Re: Crosstabulate distinct frequencies and totals of binary variables

SarahDew · Posted 12-21-2018 04:40 AM

Sample data:

data companies;
 length ID $ 3;
 input ID $ score1 attribute1 attribute2 attribute3;
 datalines;
001 0.3 1 0 1
002 0.5 0 1 1
003 0.3 1 1 1
001 0.3 1 0 1
003 0.3 1 1 1
;

I would like to produce a table giving me the total of companies with a certain score that have attribute 1, 2 or 3. And the total of companies with a certain attribute. It should look something like what I get with this query:

PROC SQL;
 CREATE TABLE Summary AS 
 SELECT DISTINCT score1, 
 (COUNT(attribute1)) AS attribute1, 
 (COUNT(attribute2)) AS attribute2, 
 (COUNT(attribute3)) AS attribute3, 
 (COUNT(DISTINCT(ID))) AS Total
 FROM COMPANIES
 GROUP BY score1;
QUIT;

But then with only counting the 1-values for attributes, and only counting this for distinct companies, and adding a total row at the bottom. Below the result I want (from the whole dataset), made by hand.

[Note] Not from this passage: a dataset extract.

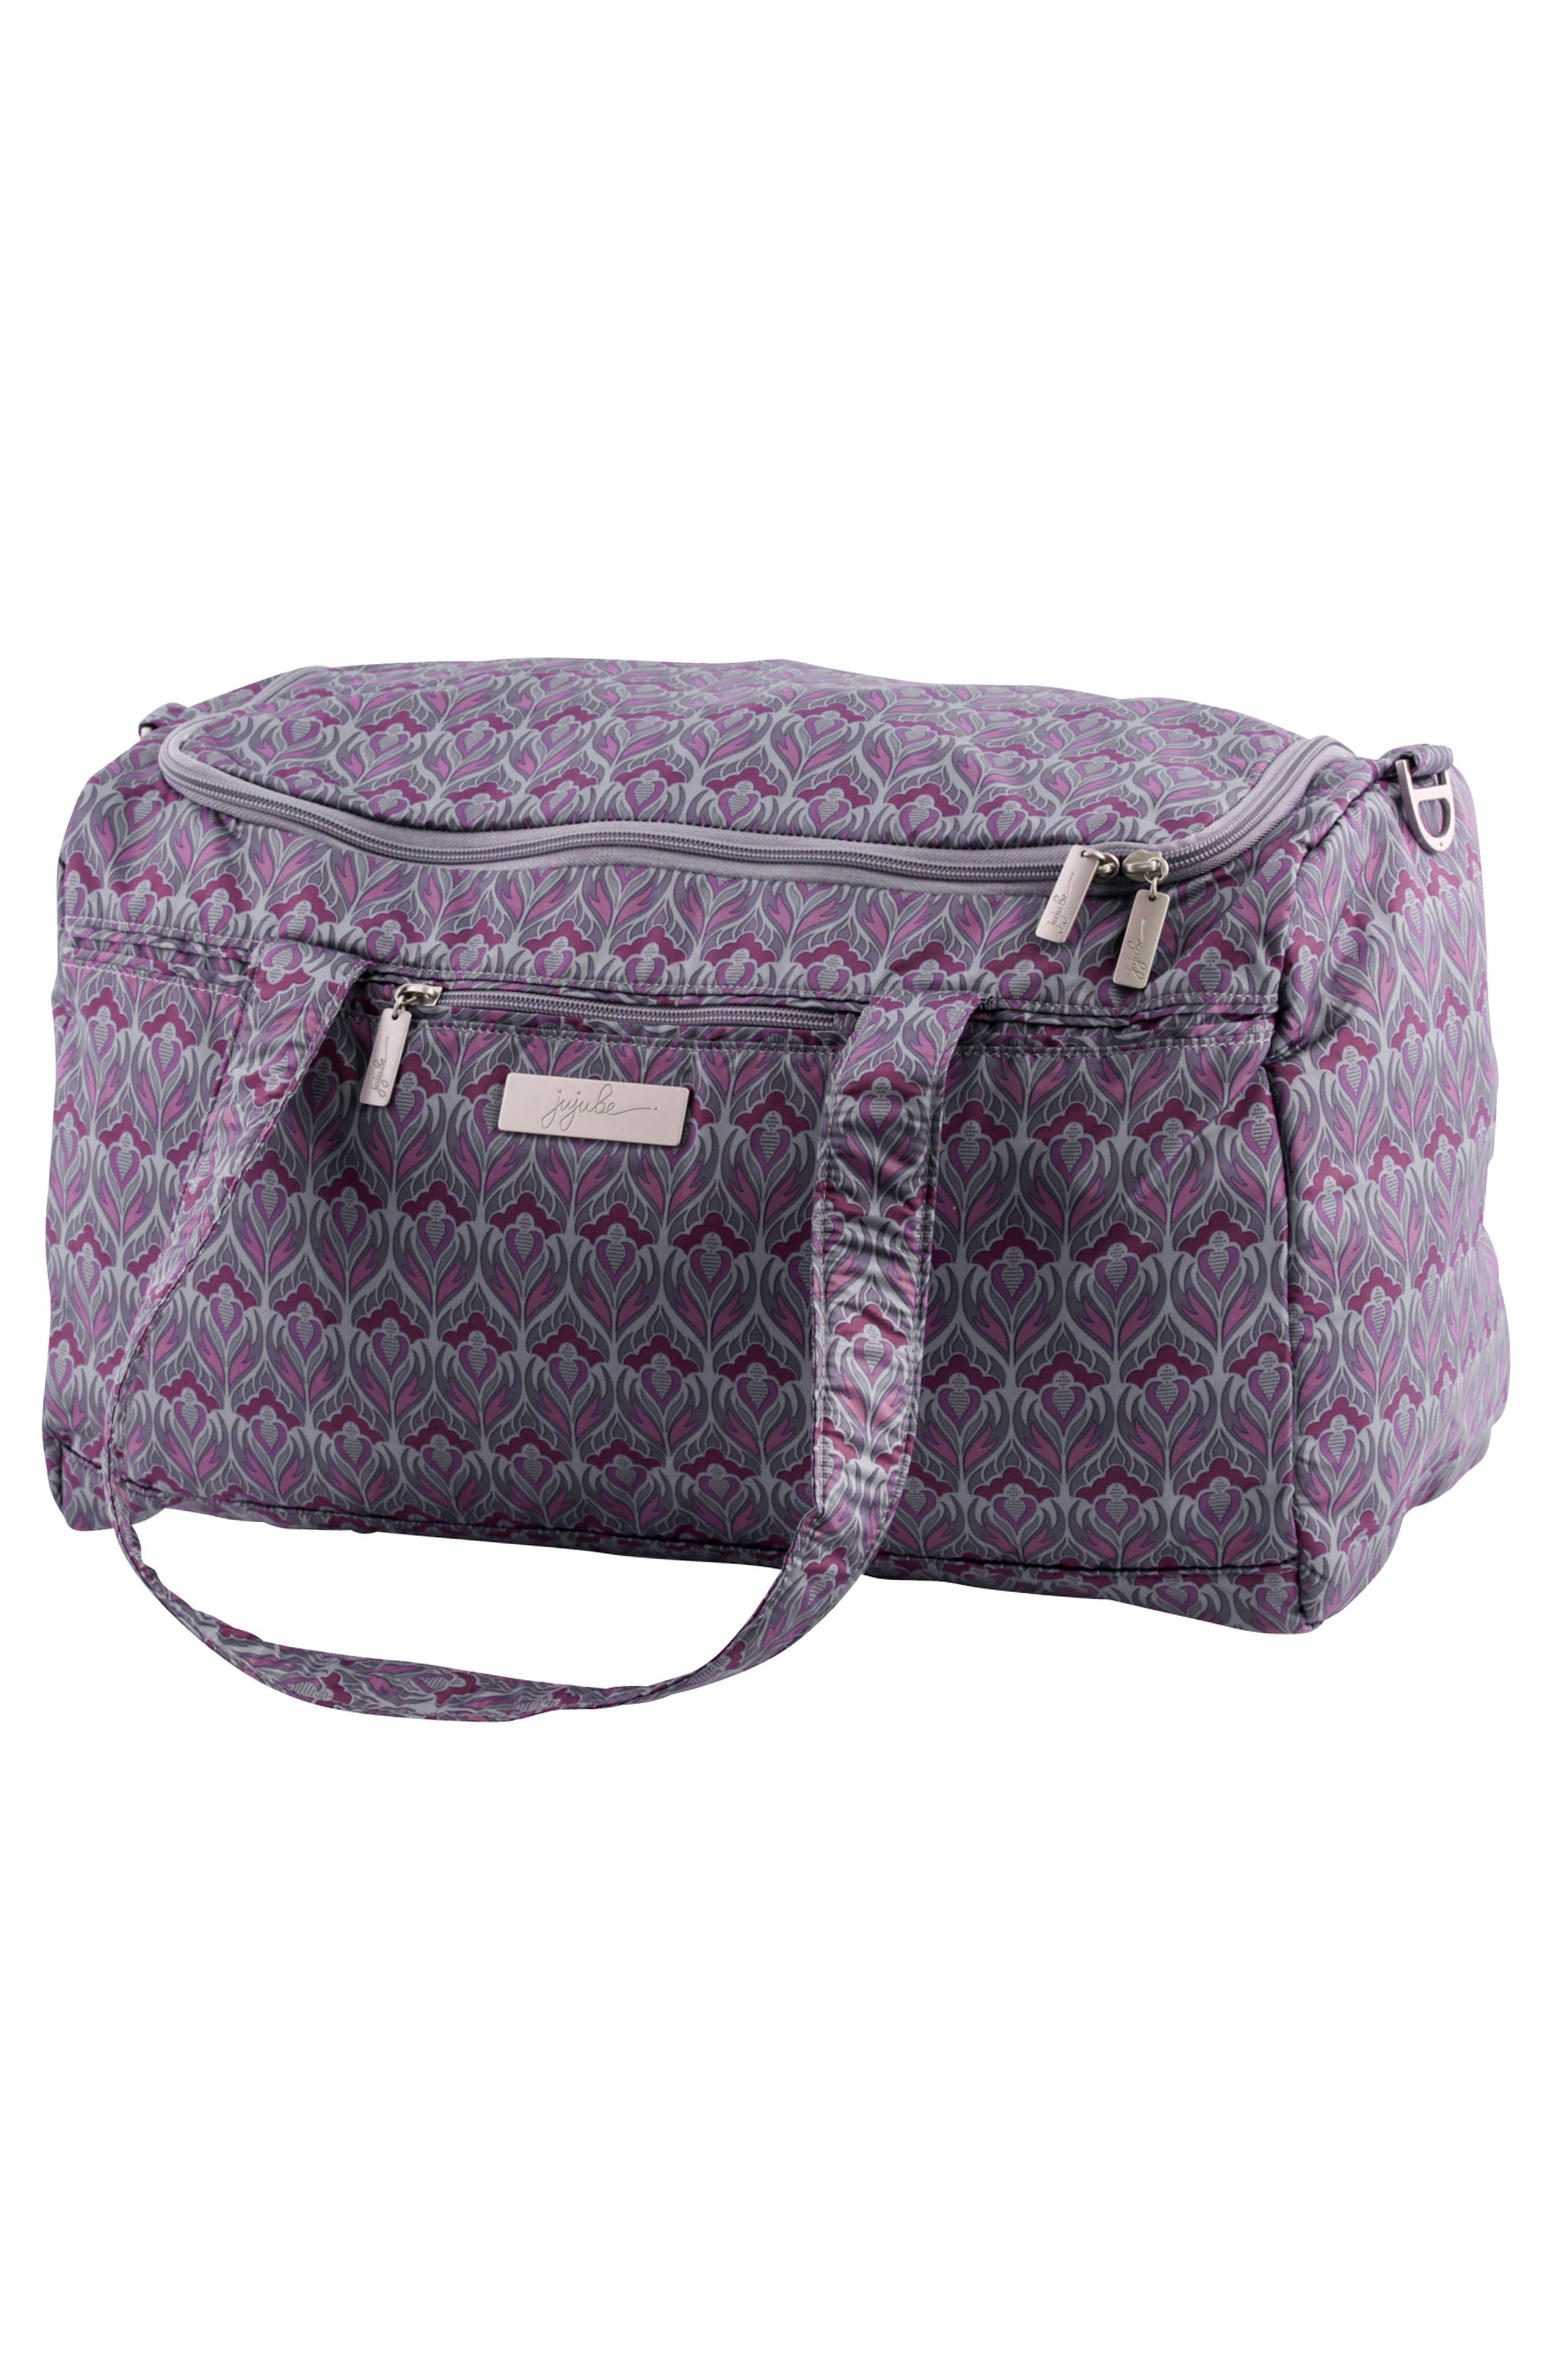 'Starlet' Travel Diaper Bag,                             Alternate thumbnail 4, color,                             Amethyst Ice

Score	Attr1	Attr2	Attr3	Attr4	Total
0.3	3	182	32	0	217
0.4	0	26	0	26	52
0.6	5	3	8	0	16
0.9	2	2	2	0	6
1	1	1	1	1	4
Total	11	214	43	27	295

mansour_ib_sas · Posted 12-21-2018 04:58 AM

Hello,

I propose this solution:

data companies;
 length ID $ 3;
 input ID $ score1 attribute1 attribute2 attribute3;
 datalines;
001 0.3 1 0 1
002 0.5 0 1 1
003 0.3 1 1 1
001 0.3 1 0 1
003 0.3 1 1 1
;
run;


PROC SQL;
 CREATE TABLE Summary AS 
 SELECT DISTINCT put (score1,5.) as score1, 
 (COUNT(attribute1)) AS attribute1, 
 (COUNT(attribute2)) AS attribute2, 
 (COUNT(attribute3)) AS attribute3, 
 (COUNT(DISTINCT(ID))) AS Total
 FROM COMPANIES
 GROUP BY score1;
QUIT;

proc report data =summary out=summary1(drop=_BREAK_) noprint  ;
columns  score1 attribute1 attribute2 attribute3 total;
define score1/DISPLAY;
define attribute1 /analysis sum;
define attribute2 /analysis sum;
define attribute3 /analysis sum;
define total /analysis sum;

 rbreak after / summarize ;
 compute after;
 score1='TOTAL';
 endcomp;
 run;

ballardw · Posted 12-21-2018 11:28 AM

@SarahDew wrote:

Sample data:
data companies;
 length ID $ 3;
 input ID $ score1 attribute1 attribute2 attribute3;
 datalines;
001 0.3 1 0 1
002 0.5 0 1 1
003 0.3 1 1 1
001 0.3 1 0 1
003 0.3 1 1 1
;
I would like to produce a table giving me the total of companies with a certain score that have attribute 1, 2 or 3. And the total of companies with a certain attribute. It should look something like what I get with this query:
PROC SQL;
 CREATE TABLE Summary AS 
 SELECT DISTINCT score1, 
 (COUNT(attribute1)) AS attribute1, 
 (COUNT(attribute2)) AS attribute2, 
 (COUNT(attribute3)) AS attribute3, 
 (COUNT(DISTINCT(ID))) AS Total
 FROM COMPANIES
 GROUP BY score1;
QUIT;
But then with only counting the 1-values for attributes, and only counting this for distinct companies, and adding a total row at the bottom. Below the result I want (from the whole dataset), made by hand.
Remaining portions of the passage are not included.